We've shown you how to automatically download TV shows as soon as they've aired, but not everyone has infinite storage to house those episodes after they've watched them. Here's how to automatically delete old episodes and free up space.
One of the most useful functions you find on regular DVRs is the ability to delete episodes once they're more than a week or two old, to keep space free on your hard drive. Unfortunately, Sick Beard -- the program we use to turn our computers into an "internet PVR" -- doesn't have this feature, and it's not like terabytes of storage grow on trees. The "old episodes" problem is especially prevalent with shows that air daily -- like late-night talk shows -- since they can eat up storage fast. Luckily, you can fix this problem with our favourite automatic file-organising tools: Belvedere for Windows and Hazel for Mac.
We've detailed how to use these programs before, and this specific rule is easy to put together. Just set up a new rule for the TV show folder you want to monitor that looks something like this:
Date last modified -> Is not in the last -> 1 weeks
Since our setup downloads TV shows as they air, the "Date Modified" date should be the same as the air date (plus or minus a day, depending). Obviously, change the timeframe as you see fit -- if it's a daily show, you might want to use something low like a week or a few days, while weekly shows can probably go with longer periods of time. You'll need to set up a different rule for each TV show's folder (which is fine, since you probably have different rules you want to put in place for different shows).

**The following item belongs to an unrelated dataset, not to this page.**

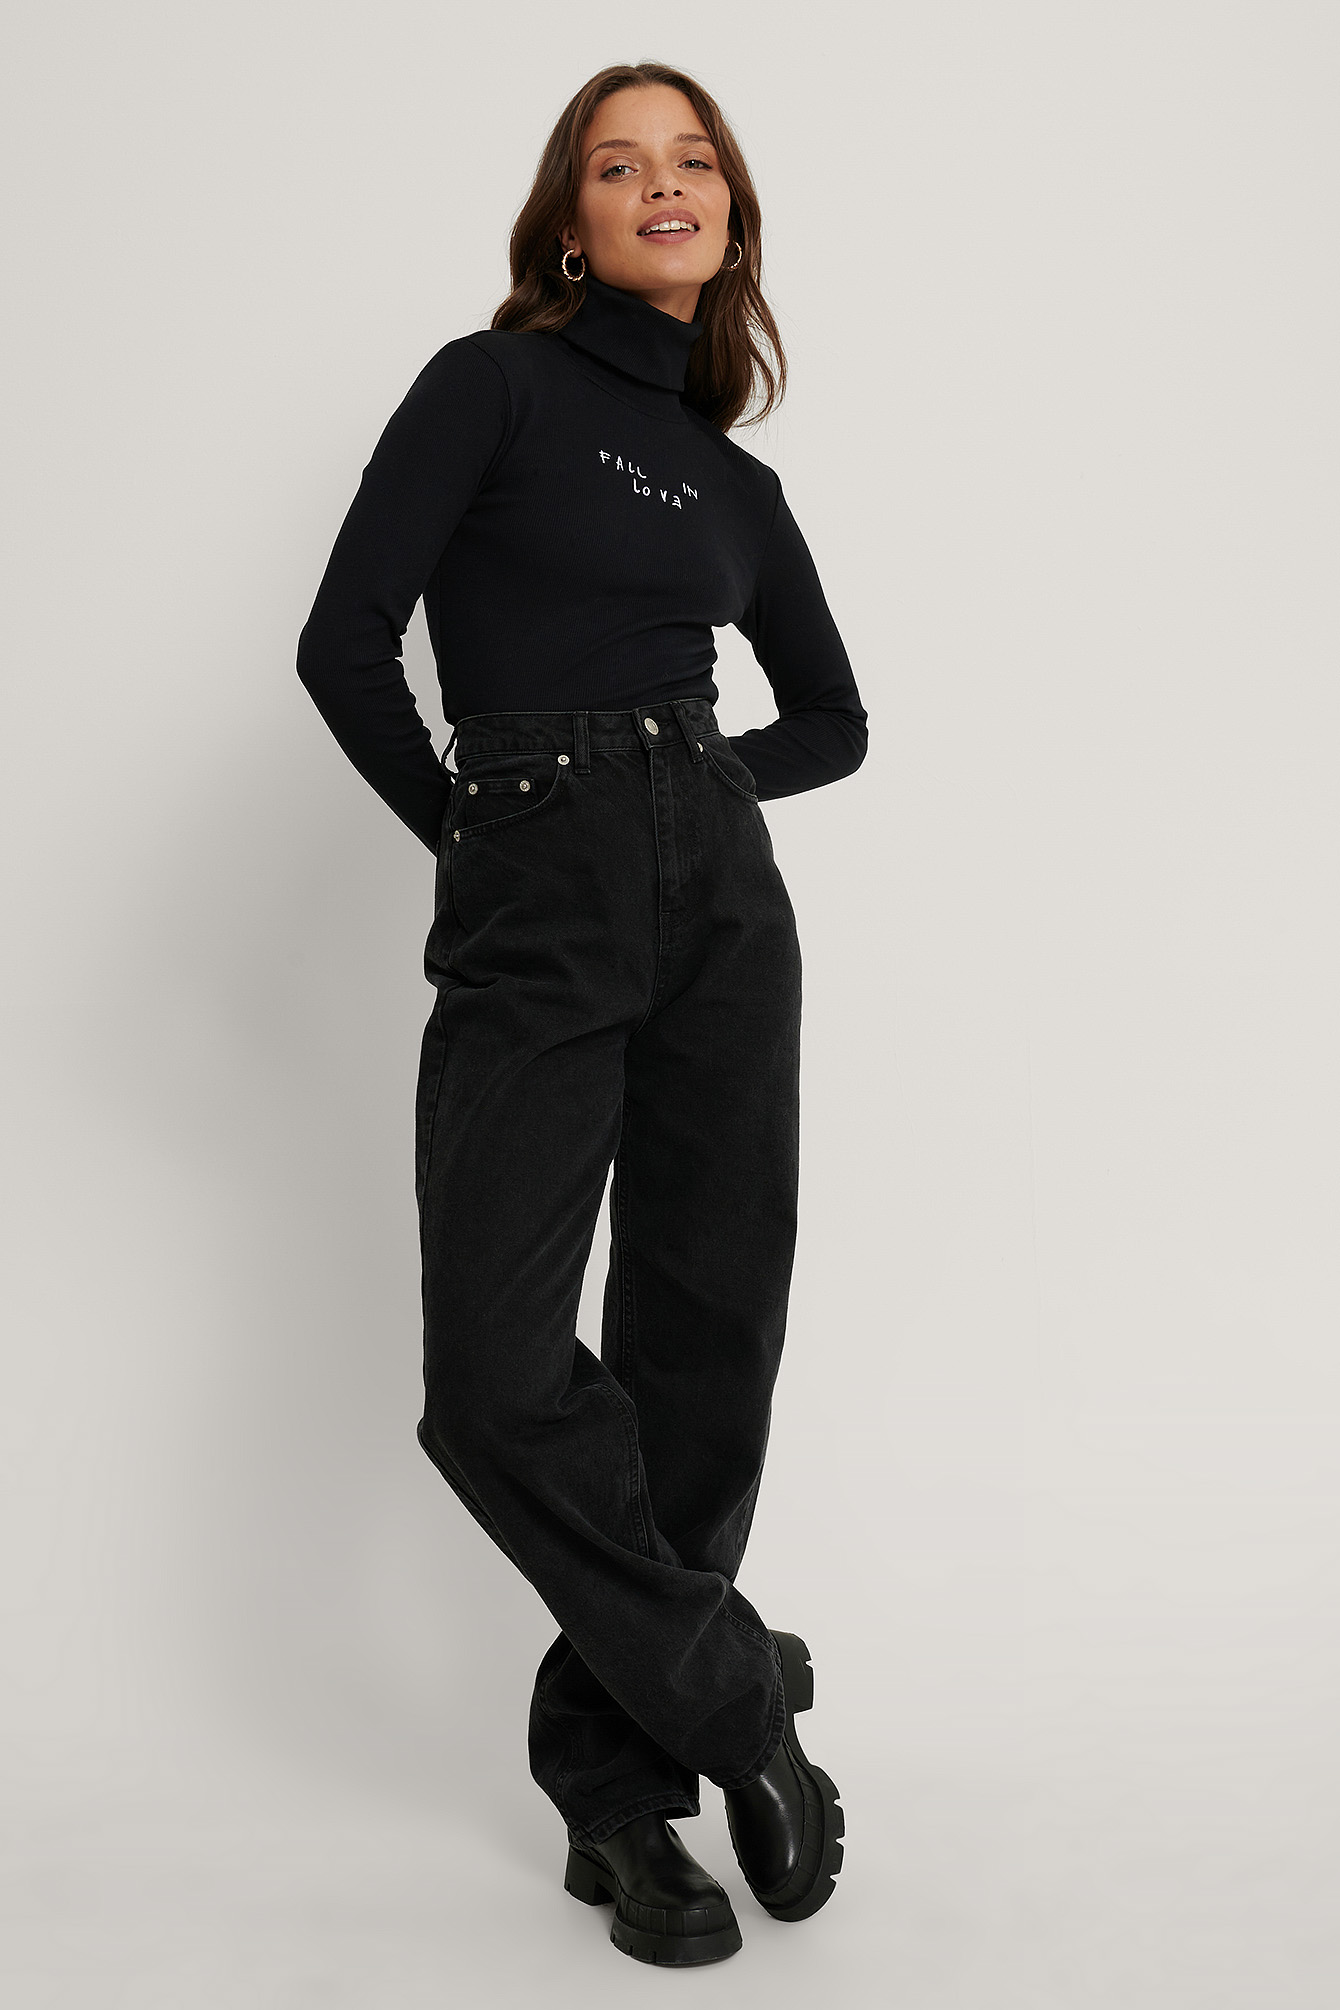 Organic Ribbed Embroidered Top with Black Jeans.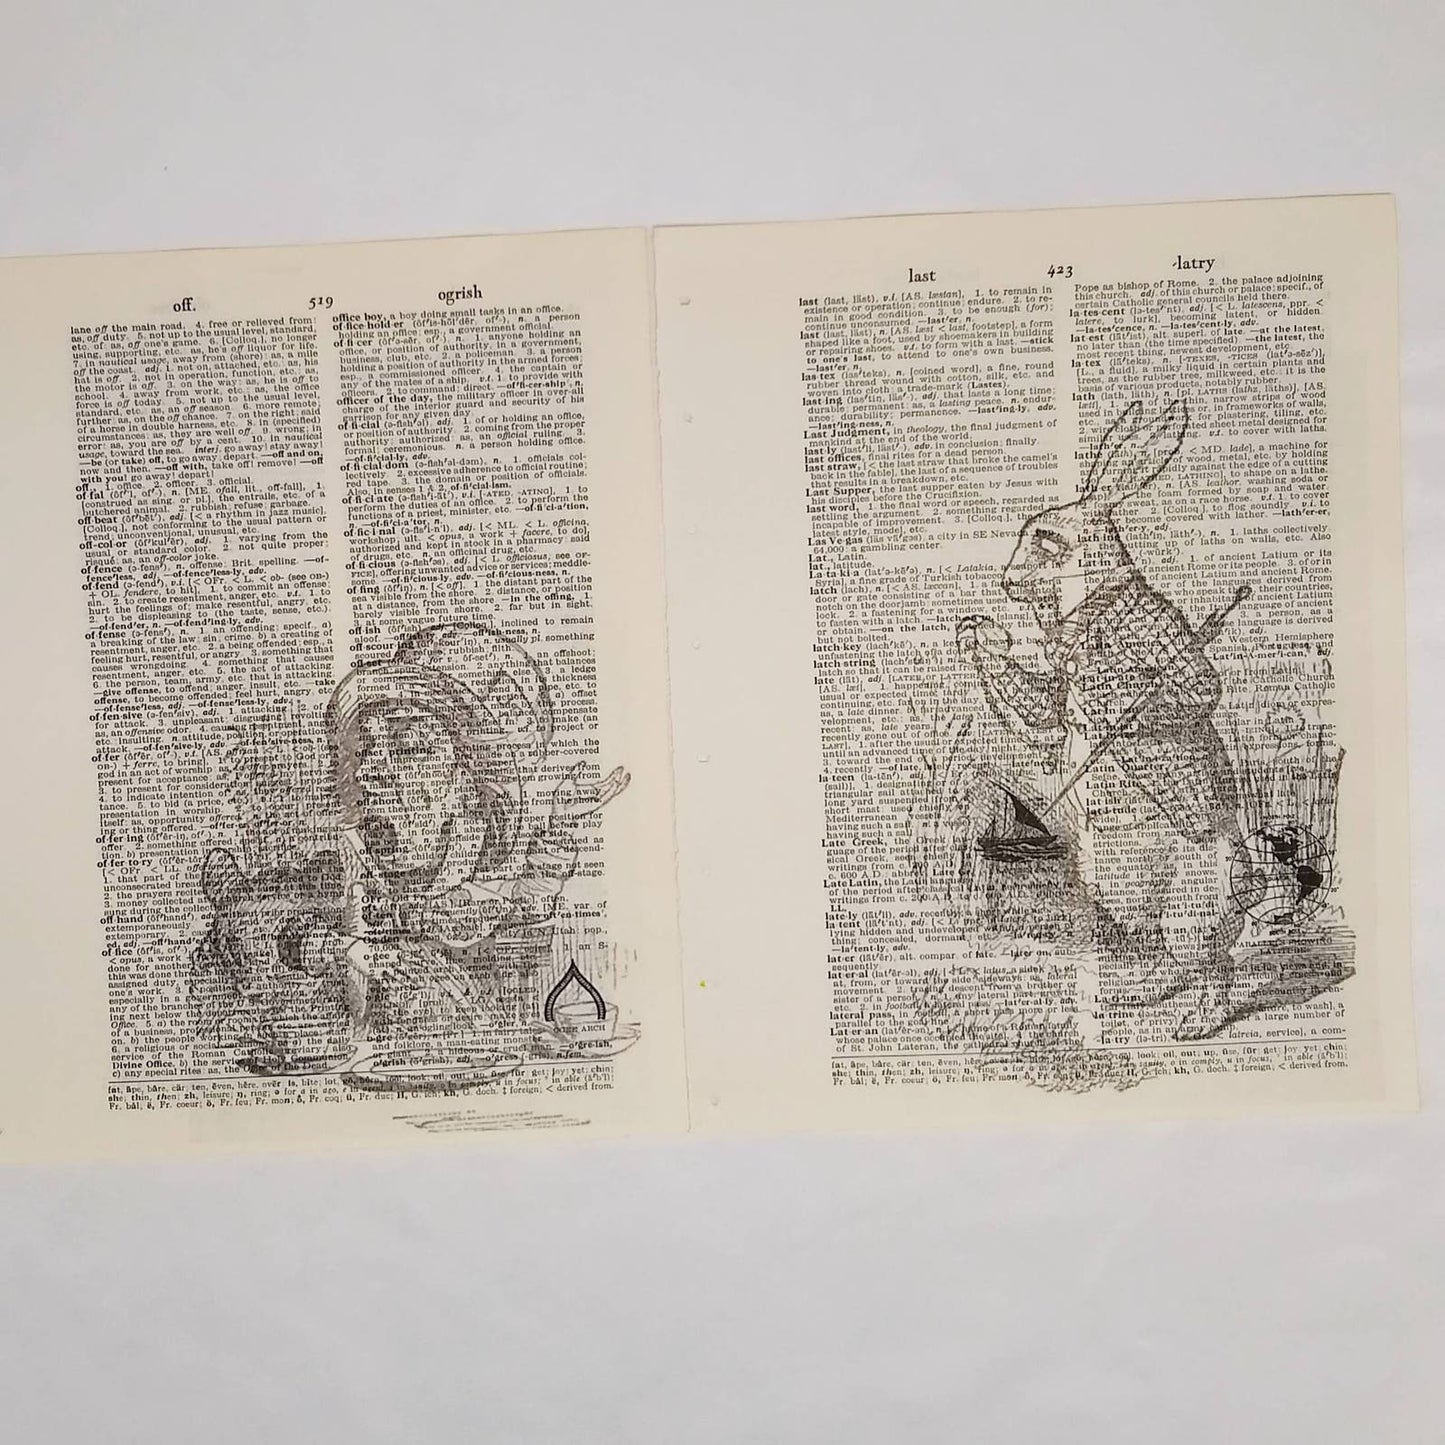 Alice in Wonderland Vintage Dictionary Prints, Through the Looking Glass Prints

Remember also that the computer running Belvedere or Hazel doesn't need to be the same computer housing your files. If you're storing your TV shows on a NAS, for example, you can just share your NAS' media folder with your main PC, install Belvedere on your main PC, and point it to the shared network folder. As long as you keep your main PC on or use it on a relatively regular basis, Belvedere will run in the background and clean up those episodes whenever they get a little stale.